Scientists from the Pacific Northwest National Laboratory (PNNL) discovered a rock containing water from an inland sea 390 million years ago, which was located in upstate New York, in the United States.
The discovery of this microscopic ‘pocket of seawater’ opens the way to understanding how Earth’s oceans They change and adapt to climate change over thousands of years.
During the Middle Devonian period, this inland sea extended from present-day Michigan to Ontario, Canada. It was home to coral reefs that rivaled Australia’s Great Barrier Reef. Truck-sized sea scorpions roamed the waters that were home to now-extinct creatures like trilobites and the earliest examples of horseshoe crabs.

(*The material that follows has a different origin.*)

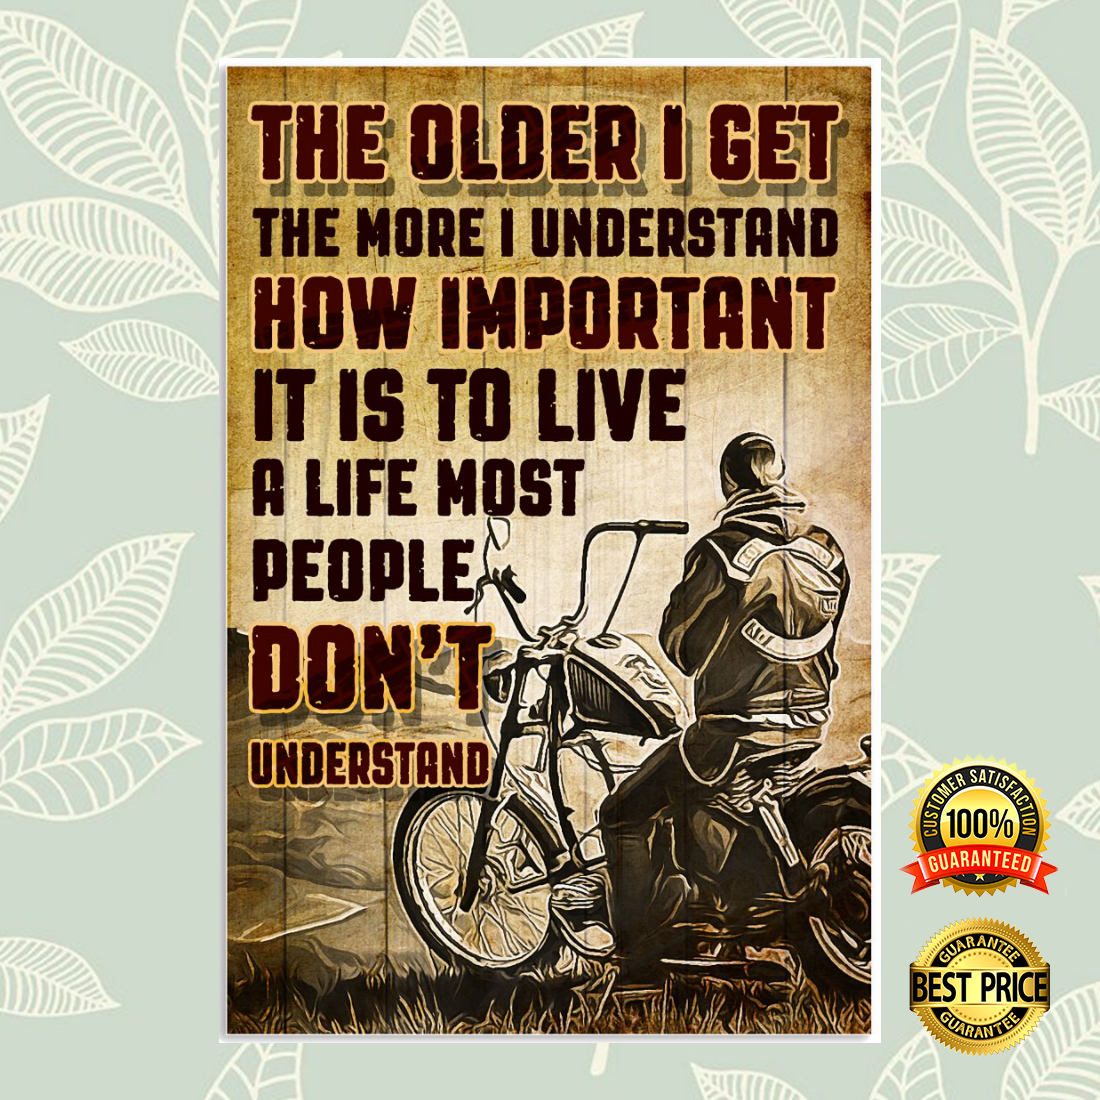 MOTORCYCLE THE OLDER I GET THE MORE I UNDERSTAND HOW IMPORTANT IT IS TO LIVE A LIFE MOST PEOPLE DON’T UNDERSTAND POSTER
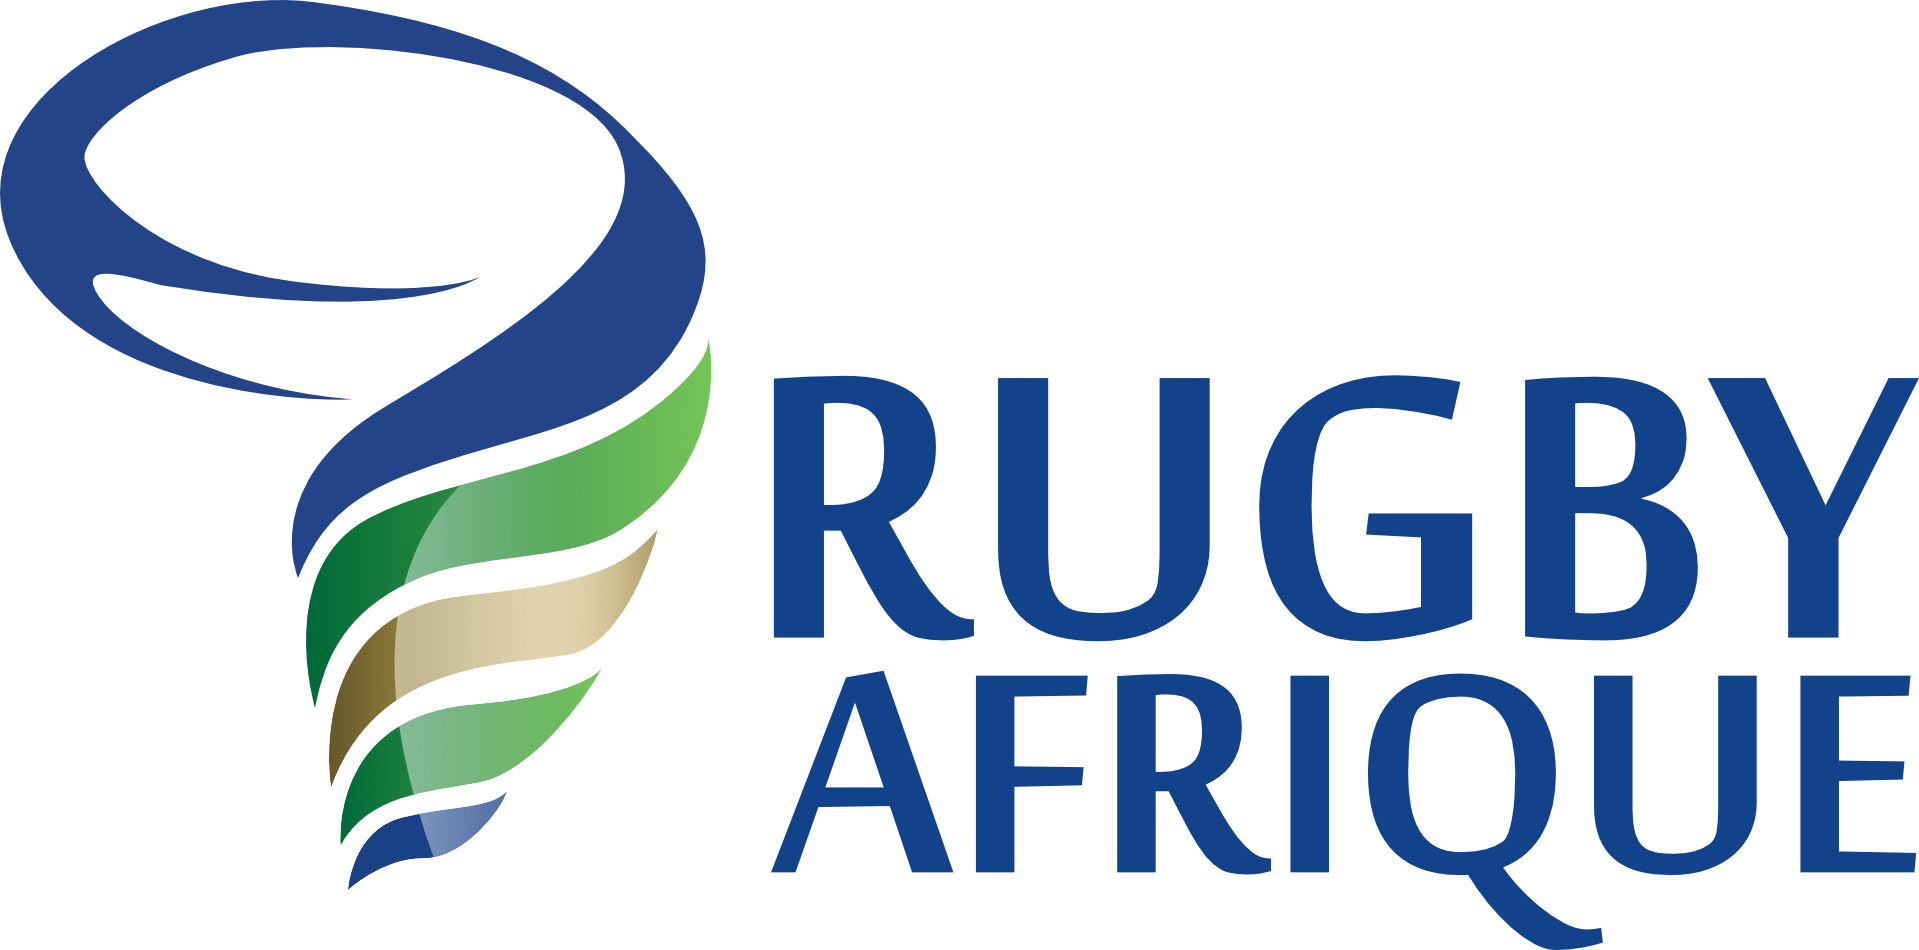 Media Invitation – Rugby World Cup Final: Online Press Conference of the President of Rugby Africa, the governing body of rugby in Africa

But eventually the climate changed, and with that change, most of the creatures and the sea itself disappeared, leaving only fossil remains embedded in the sediment that eventually became the pyrite rock sample used in the present experiment.
V said a permit Sandra Taylor, first study author and scientist at PNNL.
Taylor led the analyzes in collaboration with geochemists Daniel Gregory of the University of Toronto and Timothy Lyons of the University of California, Riverside. The research team reported their discovery in the December 2022 issue of Earth sciences and planetary messages.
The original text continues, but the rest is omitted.